One of the main differences between the vitamin D synthesised in the skin and the vitamin D obtained in the diet is the initial transport route for the vitamin. For vitamin D to be used metabolically it must first be transported to the liver in order to undergo a process called hydroxylation. Hydroxylation is essentially adding an -OH or hydroxyl group somewhere on the molecule. This alters the chemistry of the molecule and creates 25-hydroxyvitamin D (also called 25-hydroxycholecalciferol) which is the metabolite measured to assess vitamin D status. Vitamin D synthesised in the skin following exposure to ultraviolet B radiation is transported almost exclusively from the skin to the liver by a protein called the vitamin D binding protein (DBP). This protein is required because vitamin D is a lipid and will not dissolve in the blood. Combining the vitamin D with a protein improves the solubility of the vitamin D and allows it to be transported in the blood to the liver, where it is then hydroxylated.

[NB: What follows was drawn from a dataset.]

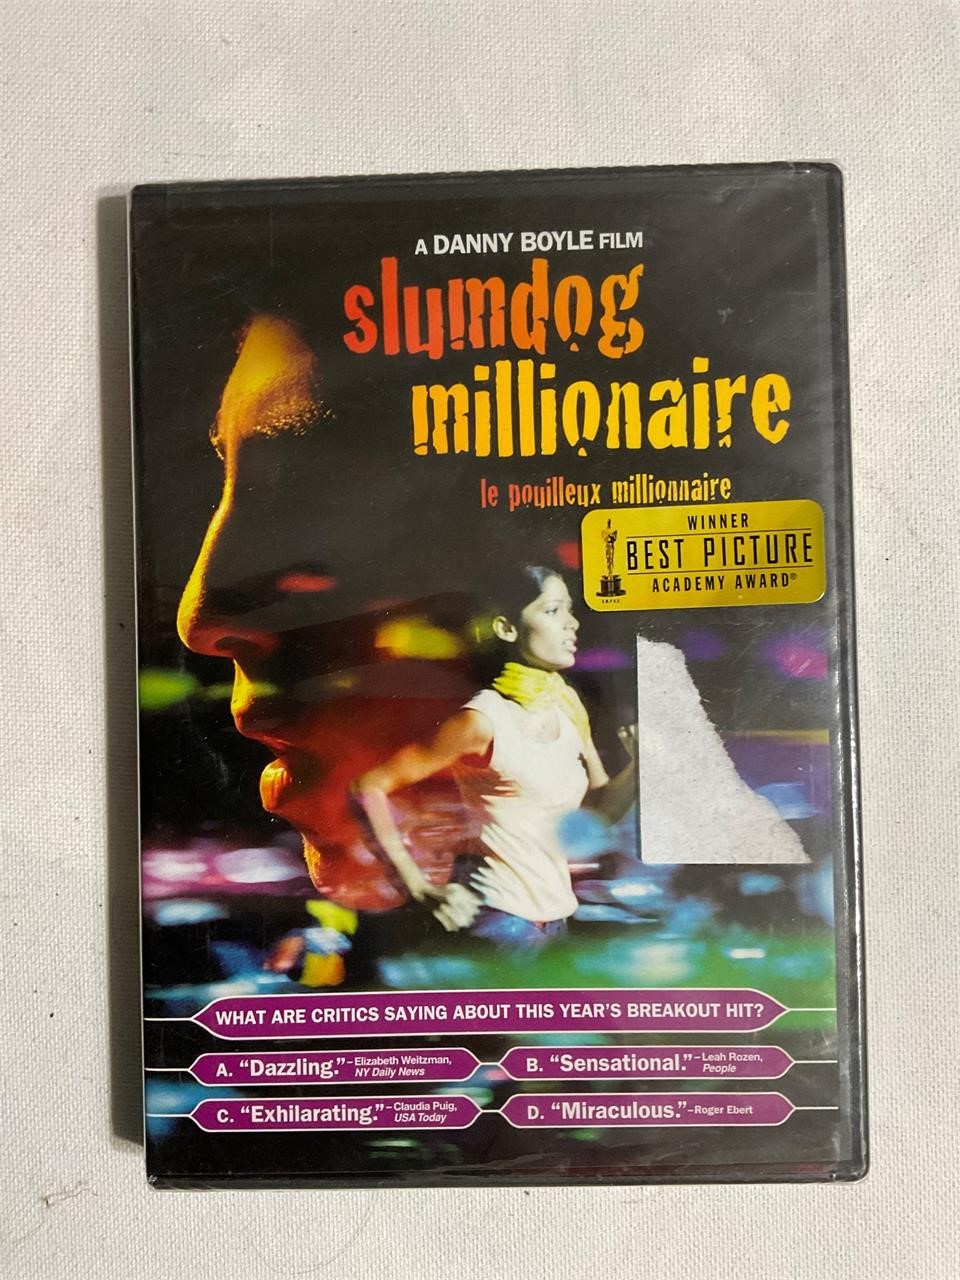 Sealed slumdog millionaire movie

Dietary sources of vitamin D are cholecalciferol (vitamin D3) or ergocalciferol (vitamin D2). Studies suggest that vitamin D3 has superior bioavailability. However, dietary sources oof the vitamin may be less efficiently used than cutaneous sources.
In contrast, the vitamin D (as cholecalciferol and ergocalciferol) consumed in the diet (eggs, fish and liver are the main sources) is absorbed into the gut cells and packaged into a protein carrier called a chylomicron. This process of package into chylomicrons is essentially the same process that is used to absorb other dietary lipids from the gut. Vitamin D is therefore absorbed from the gut along with other lipids in the diet such as triglycerides and cholesterol. As with the vitamin D binding protein, the chylomicron is necessary because lipids cannot dissolve in the blood and therefore a protein must be used to transport them. The chylomicrons formed in the enterocytes, along with their vitamin D content, pass into the lymphatic system and then to the blood. Some of the lipids in the chylomicrons are passed to peripheral tissue such as fat cells (adipocytes). The remnants of the chylomicron and its content then pass to the liver where the chylomicron is broken down, and the vitamin D is removed and hydroxylated.
The relatively prolonged increase in the blood levels of cutaneously produced vitamin D (left) is due to the slow release of the vitamin from the skin. However, this is not the only factor. Administration of vitamin D as an oily depot injection to the muscle results in a more rapid rise that the vitamin D produced naturally in the skin by the action of ultraviolet light. This is likely explained by the high affinity of the cutaneously produced vitamin D for the vitamin D binding protein. Depot injections of vitamin D likely use other carrier proteins and this may therefore cause a more rapid rise in blood levels and a more rapid transport and delivery to the liver, ultimately speeding up metabolism and inactivation of the vitamin to water soluble conjugates.
Therefore differences exist between the routes of vitamin D transport to the liver and this creates differences in the efficiencies of cutaneous and dietary sources of the vitamin. The cutaneously produced vitamin D diffuses slowly from the skin to the circulation and this creates a slow and prolonged increase in vitamin D levels. In contrast, the vitamin D absorbed in chylomicrons is more rapidly absorbed to the blood and this creates a more rapid and less prolonged rise in vitamin D levels. The subsequent levels of 25-hydroxyvitamin D reflect the increases in the parent compounds of vitamin D, and therefore cutaneous production of vitamin causes a slow and prolonged increase in 25-hydroxyvitamin D, compared to dietary sources. The hydroxylation of vitamin D metabolites by the liver can eventually inactive it, and as the cutaneous production of the vitamin slows the passage to the liver, the vitamin D produced in the skin prolongs the activity of the vitamin D for longer periods.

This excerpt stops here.